**What you should do**. Each line of the listing below must be retyped exactly, with images left out.

**Data block**.

<<<<

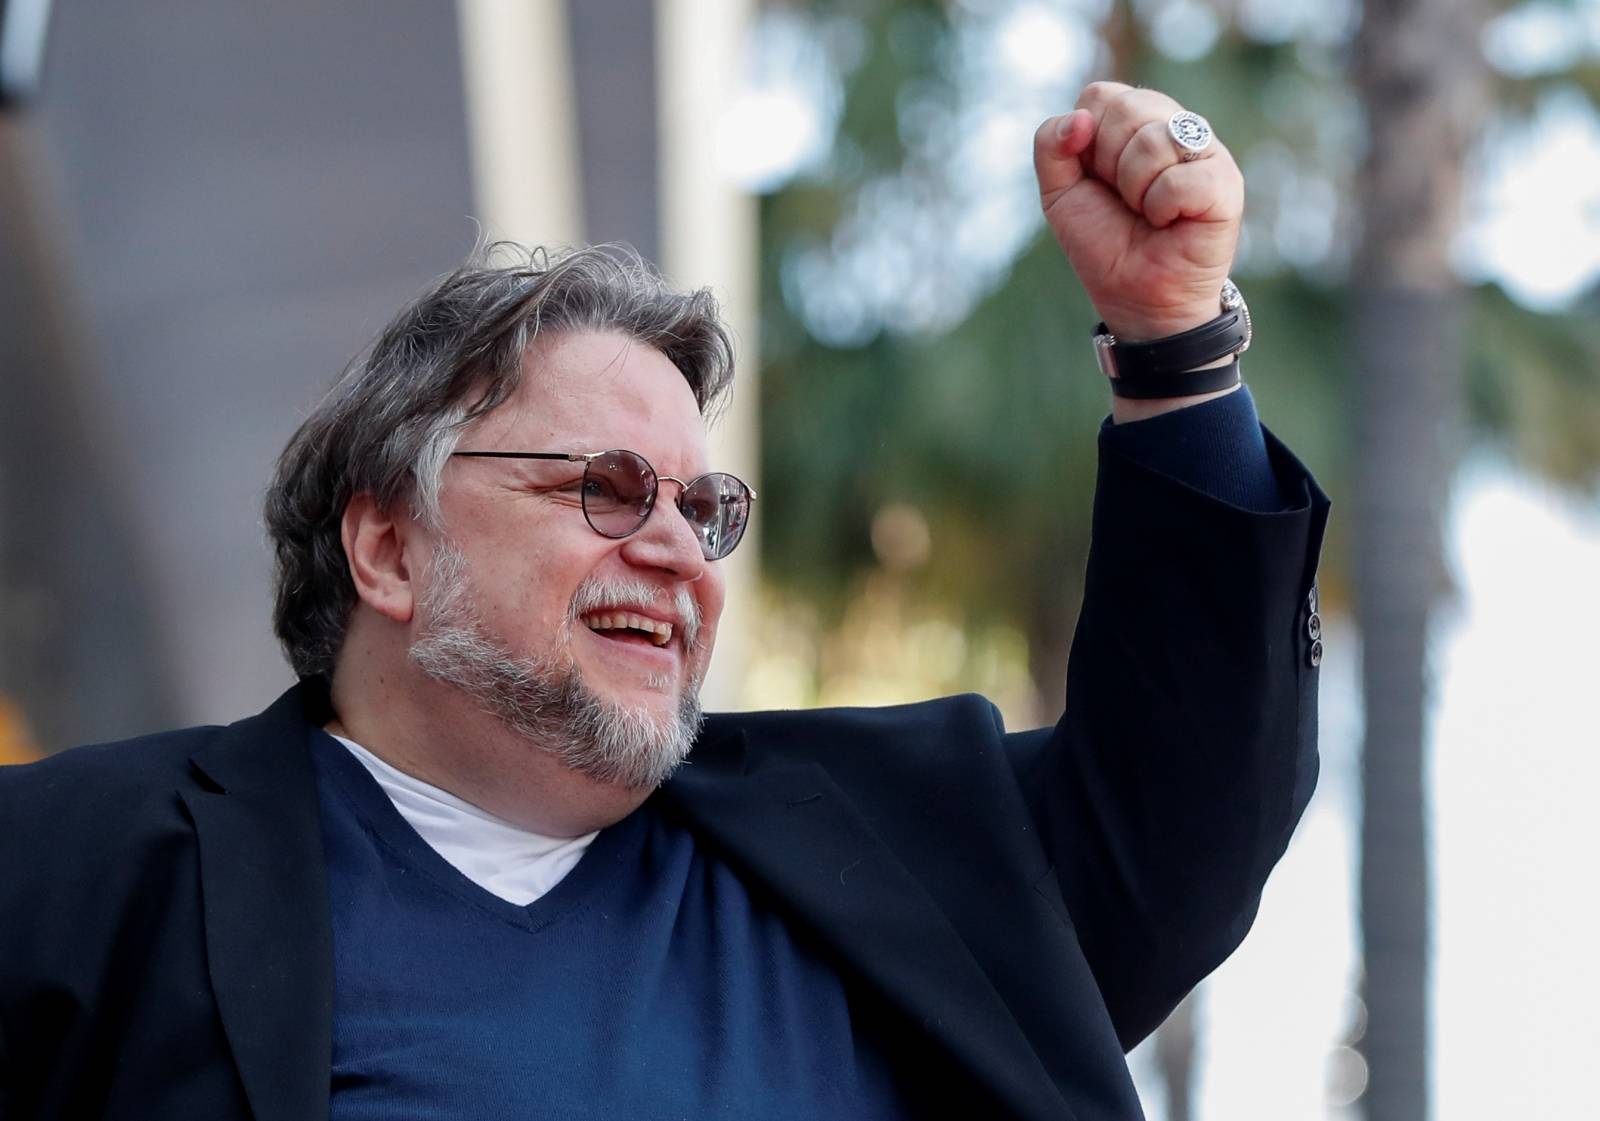 Guillermo del Toro receives a star on the Hollywood Walk of Fame in Los Angeles
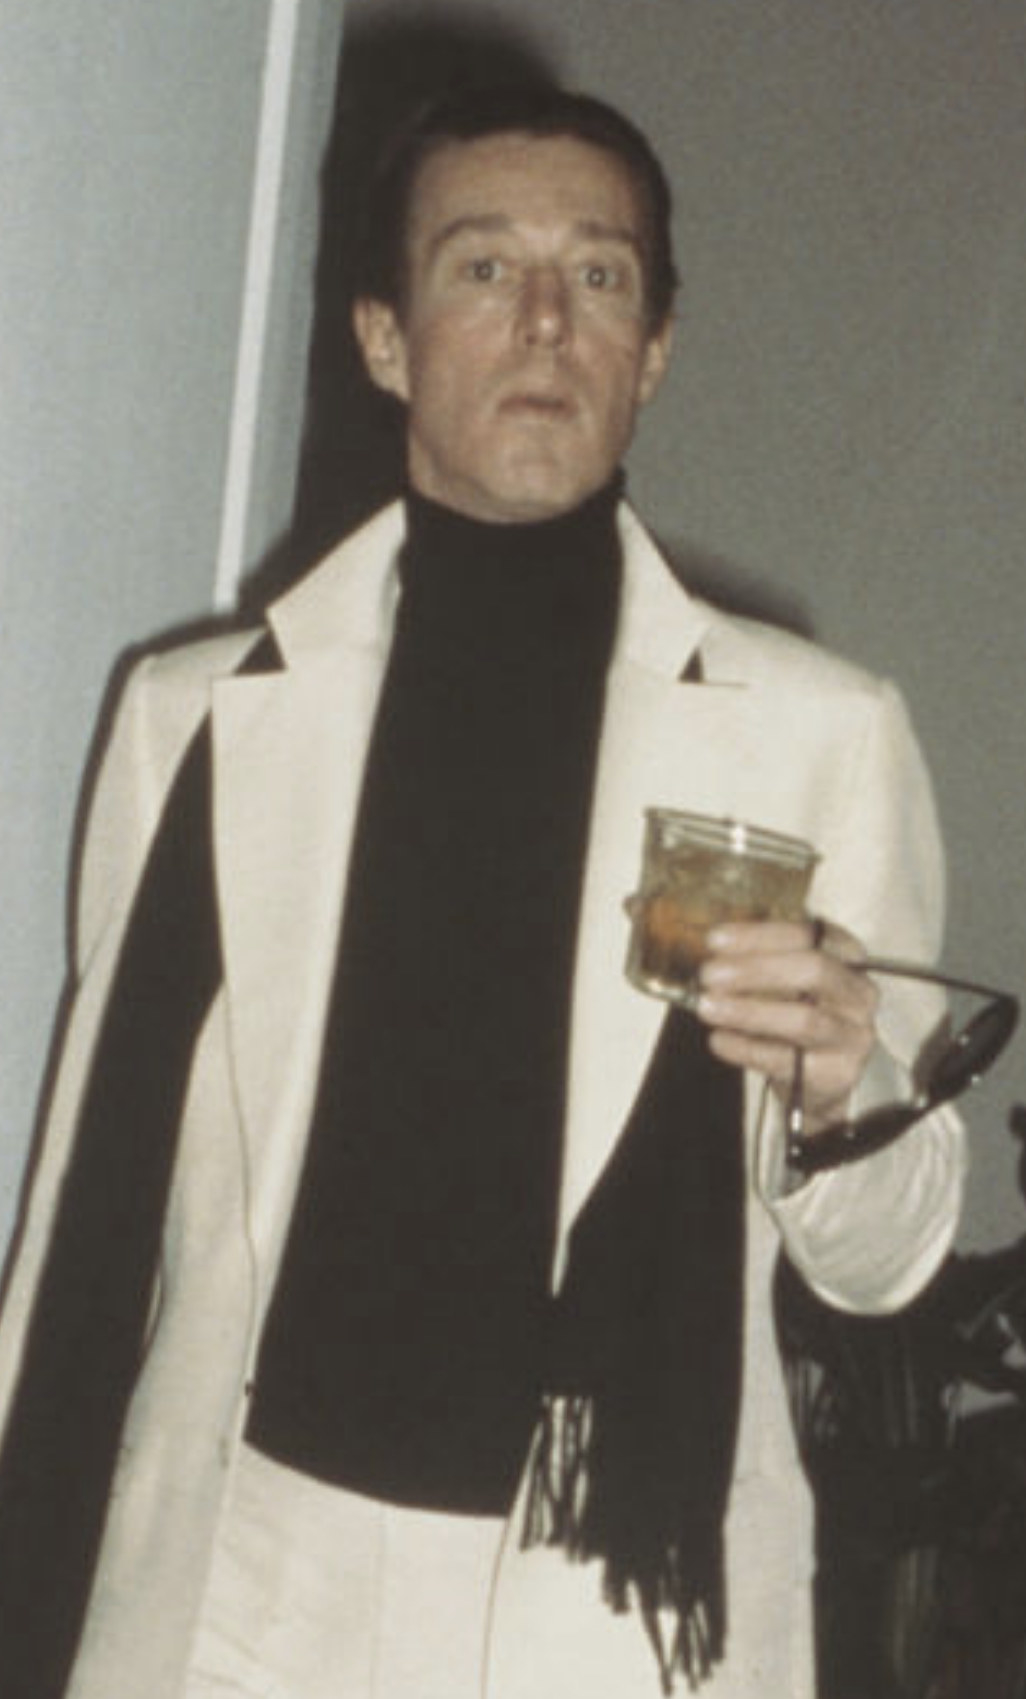 Halston holding a cocktail while wearing a long scarf and matching suit/coat
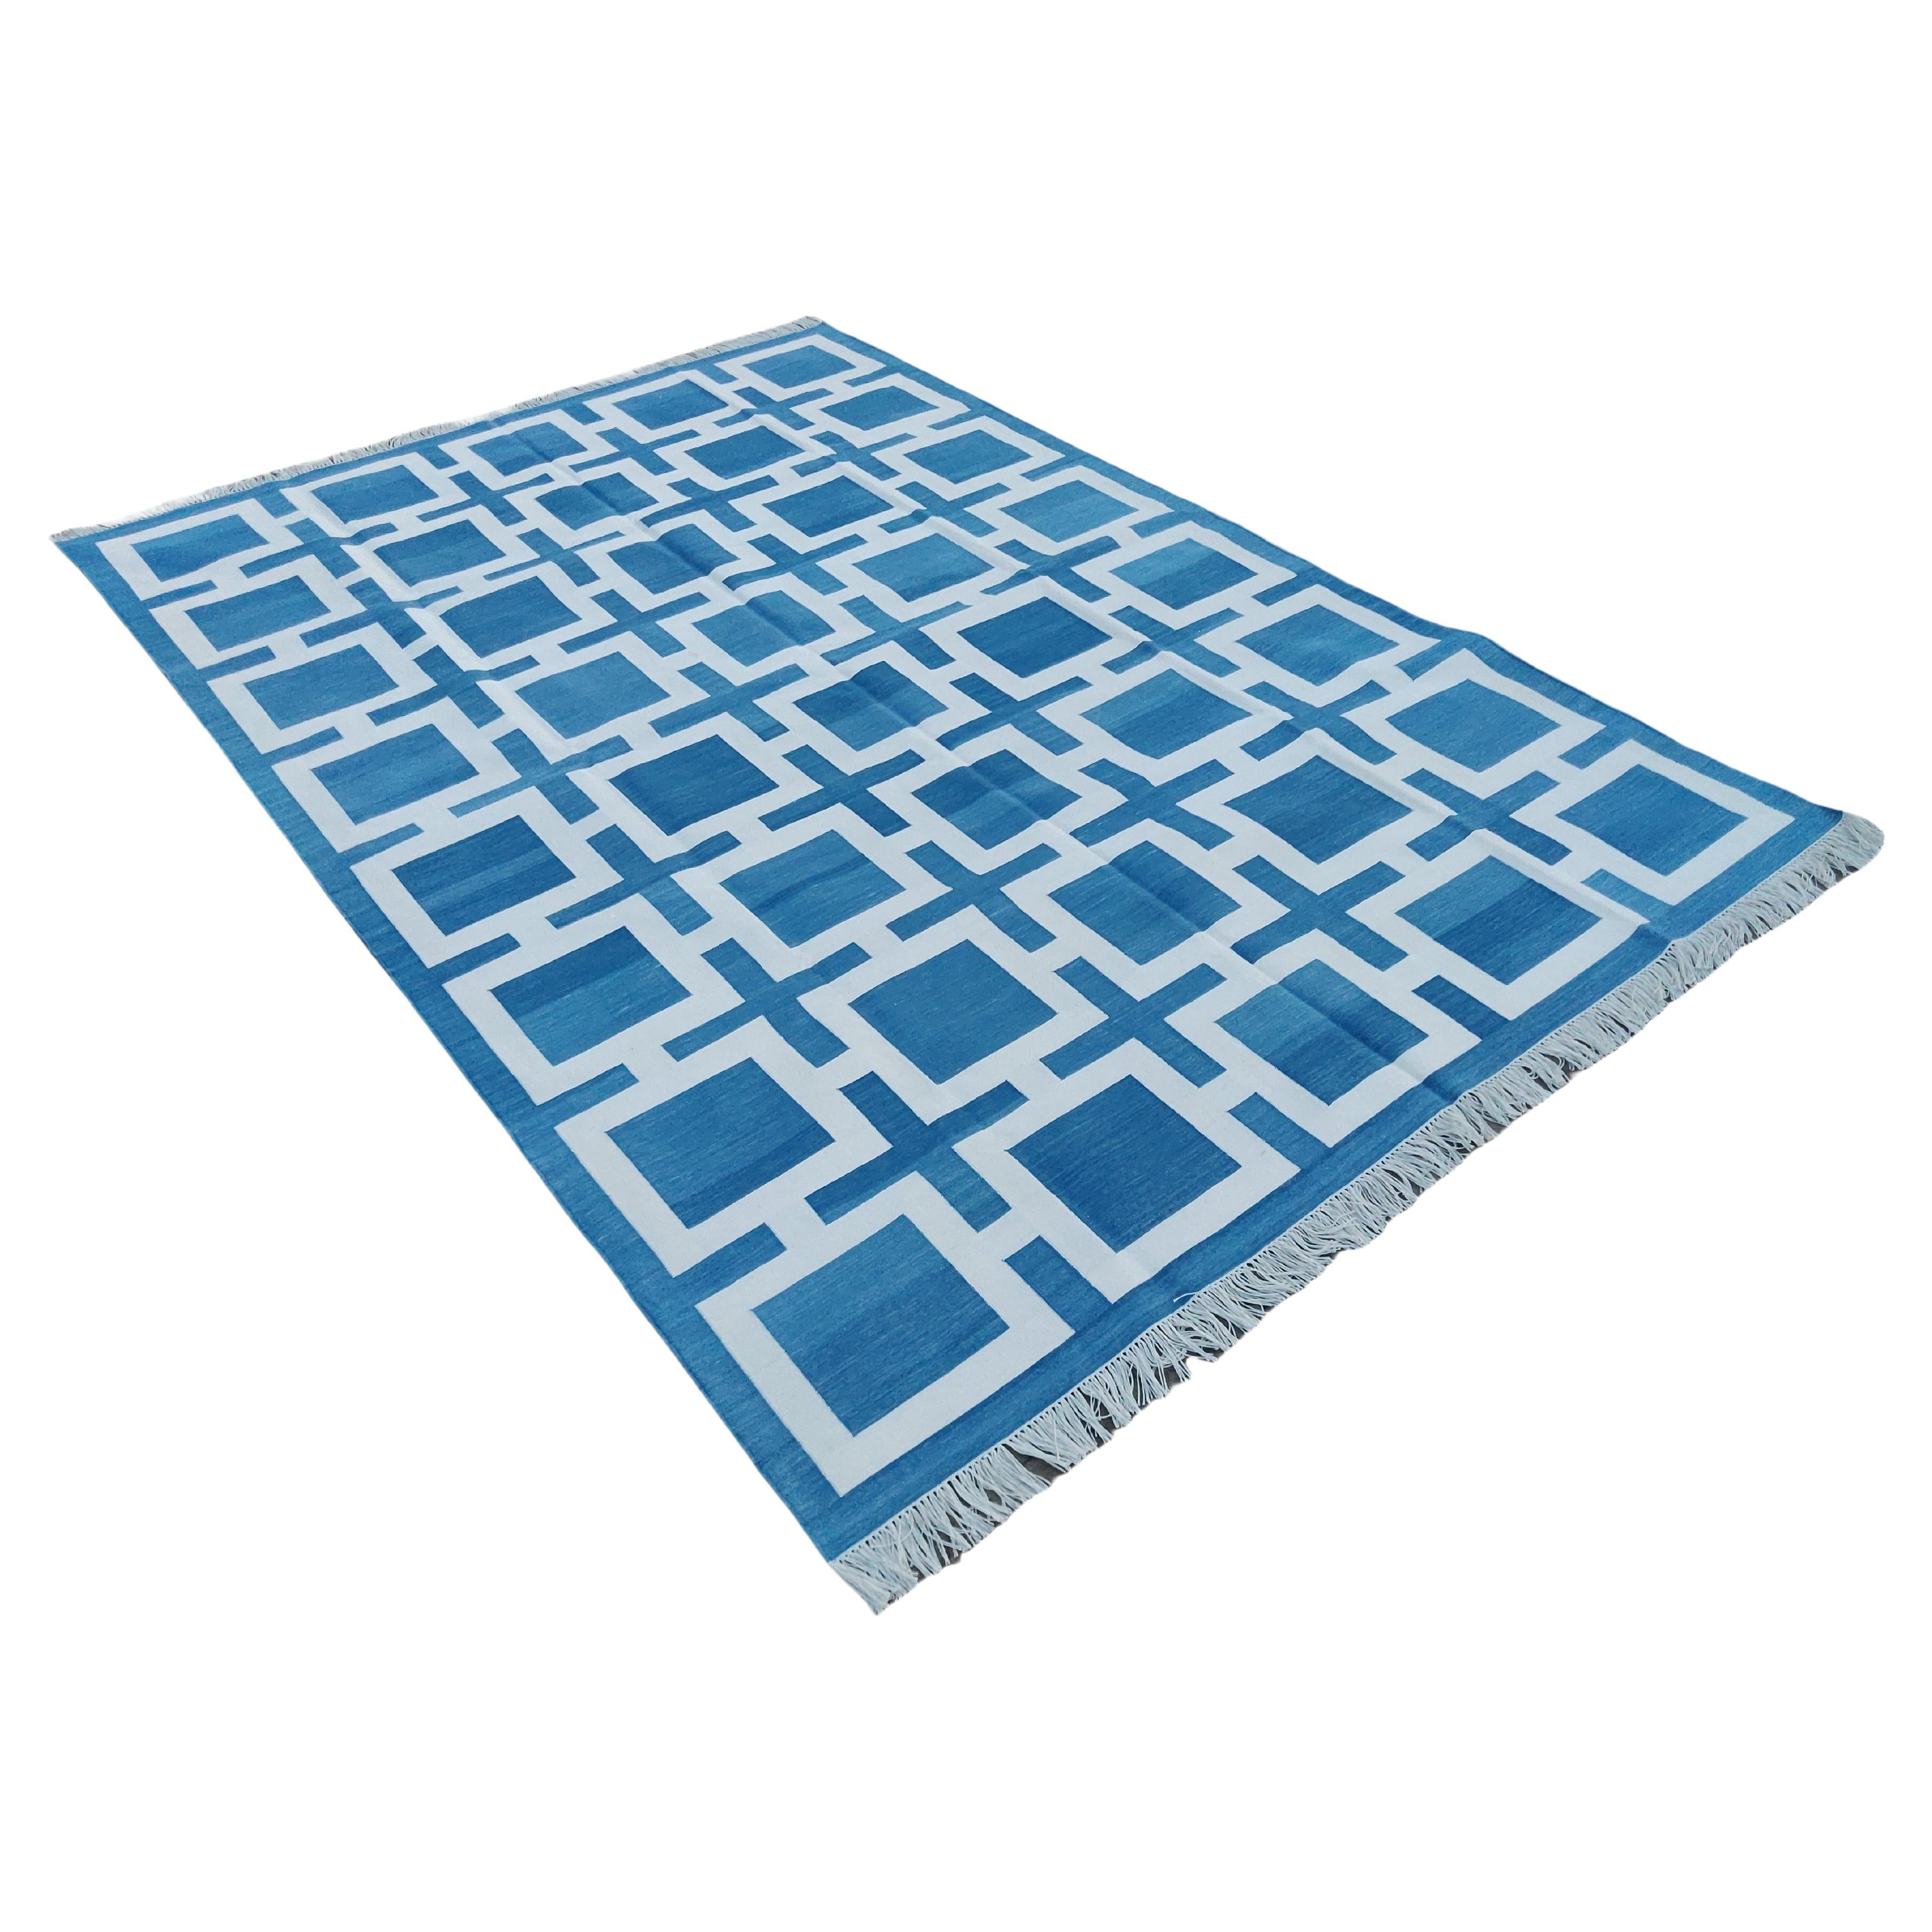 Handmade Cotton Area Flat Weave Rug, 6x9 Blue And White Geometric Indian Dhurrie

>>>>

**Response to this task**.
 Guillermo del Toro receives a star on the Hollywood Walk of Fame in Los Angeles
 Halston holding a cocktail while wearing a long scarf and matching suit/coat
 Handmade Cotton Area Flat Weave Rug, 6x9 Blue And White Geometric Indian Dhurrie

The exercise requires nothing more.